HeatWave ML Workflow

The general HeatWave ML workflow is described below:

  1. When the ML_TRAIN routine is called, HeatWave ML calls the MySQL DB System where the training data resides. The training data is sent from the MySQL DB System and distributed across the HeatWave Cluster, which performs machine learning computation in parallel. See Section 3.4, “Training a Model”.

  2. HeatWave ML analyzes the training data, trains an optimized machine learning model, and stores the model in a model catalog on the MySQL DB System. See Section 3.9.1, “The Model Catalog”.

  3. HeatWave ML ML_PREDICT_* and ML_EXPLAIN_* routines use the trained model to generate predictions and explanations on test or unseen data. See Section 3.6, “Predictions”, and Section 3.7, “Explanations”.

  4. Predictions and explanations are returned to the DB System and to the user or application that issued the query.

Optionally, the ML_SCORE routine can be used to compute the quality of a model to ensure that predictions and explanations are reliable. See Section 3.9.6, “Scoring Models”.

Note

HeatWave ML shares resources with HeatWave. HeatWave analytics queries are given priority over HeatWave ML queries. Concurrent HeatWave analytics and HeatWave ML queries are not supported.

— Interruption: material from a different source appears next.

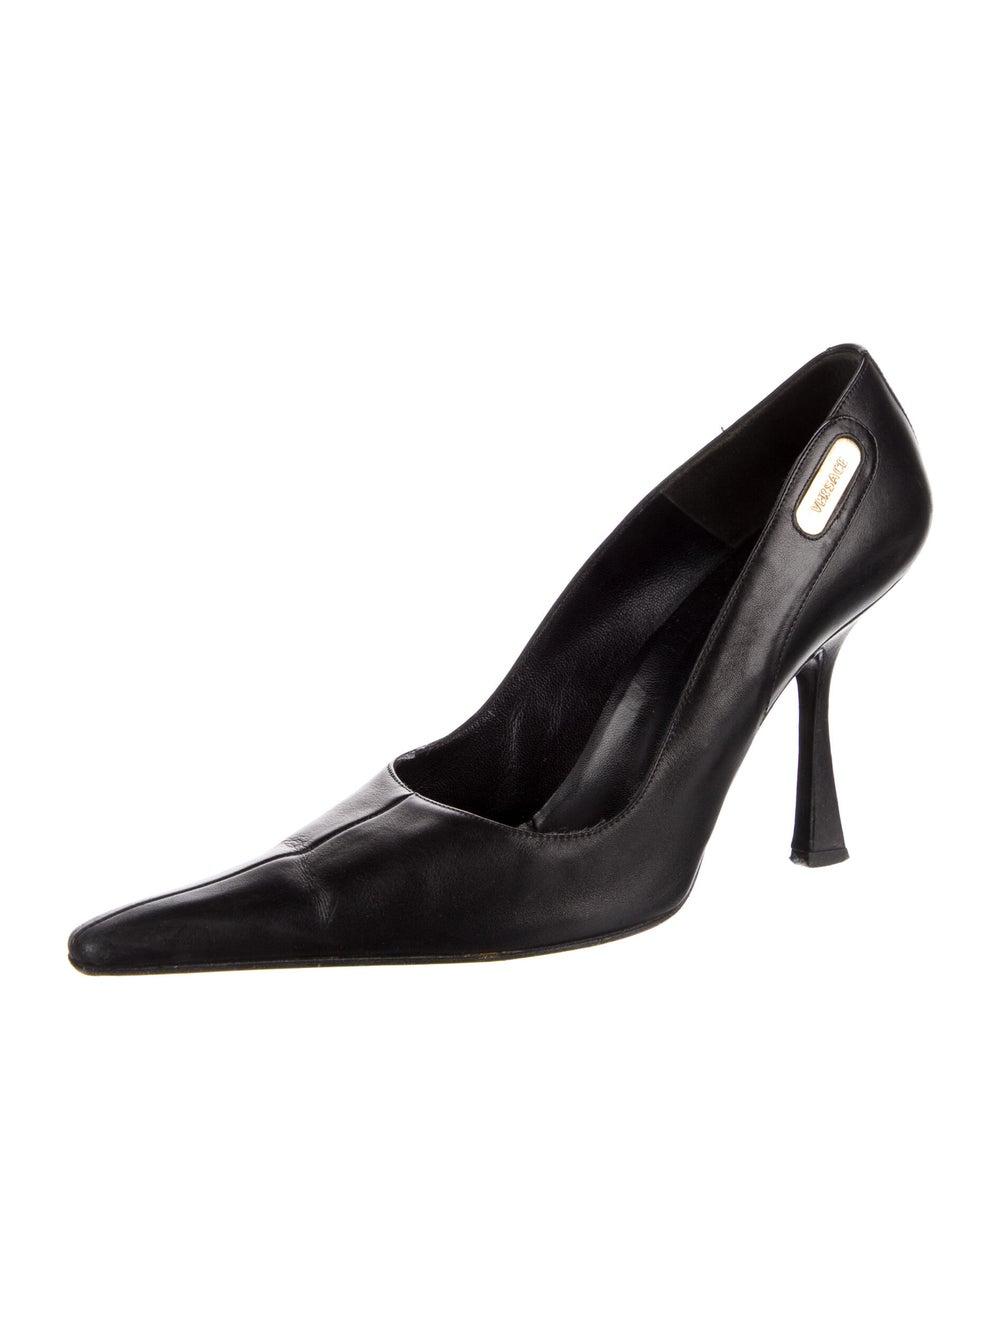 Gianni Versace Leather Pumps Black - image 2

A HeatWave ML query must wait for HeatWave analytics queries to finish, and vice versa.

Oracle AutoML

The HeatWave ML ML_TRAIN routine leverages Oracle AutoML technology to automate the process of training a machine learning model. Oracle AutoML replaces the laborious and time consuming tasks of the data analyst whose workflow is as follows:

  1. Selecting a model from a large number of viable candidate models.

  2. For each model, tuning hyperparameters.

  3. Selecting only predictive features to speed up the pipeline and reduce over-fitting.

  4. Ensuring the model performs well on unseen data (also called generalization).

Oracle AutoML automates this workflow, providing you with an optimal model given a time budget. The Oracle AutoML pipeline used by the HeatWave ML ML_TRAIN routine has these stages:

  • Data preprocessing

  • Algorithm selection

  • Adaptive data reduction

  • Hyperparameter optimization

  • Model and prediction explanations

Figure 3.1 Oracle AutoML Pipeline

Image showing the Oracle AutoML pipeline.

Oracle AutoML also produces high quality models very efficiently, which is achieved through a scalable design and intelligent choices that reduce trials at each stage in the pipeline.

  • Scalable design: The Oracle AutoML pipeline is able to exploit both HeatWave internode and intranode parallelism, which improves scalability and reduces runtime.

  • Intelligent choices reduce trials in each stage: Algorithms and parameters are chosen based on dataset characteristics, which ensures that the model is accurate and efficiently selected. This is achieved using meta-learning throughout the pipeline.

For additional information about Oracle AutoML, refer to Yakovlev, Anatoly, et al. "Oracle automl: a fast and predictive automl pipeline." Proceedings of the VLDB Endowment 13.12 (2020): 3166-3180.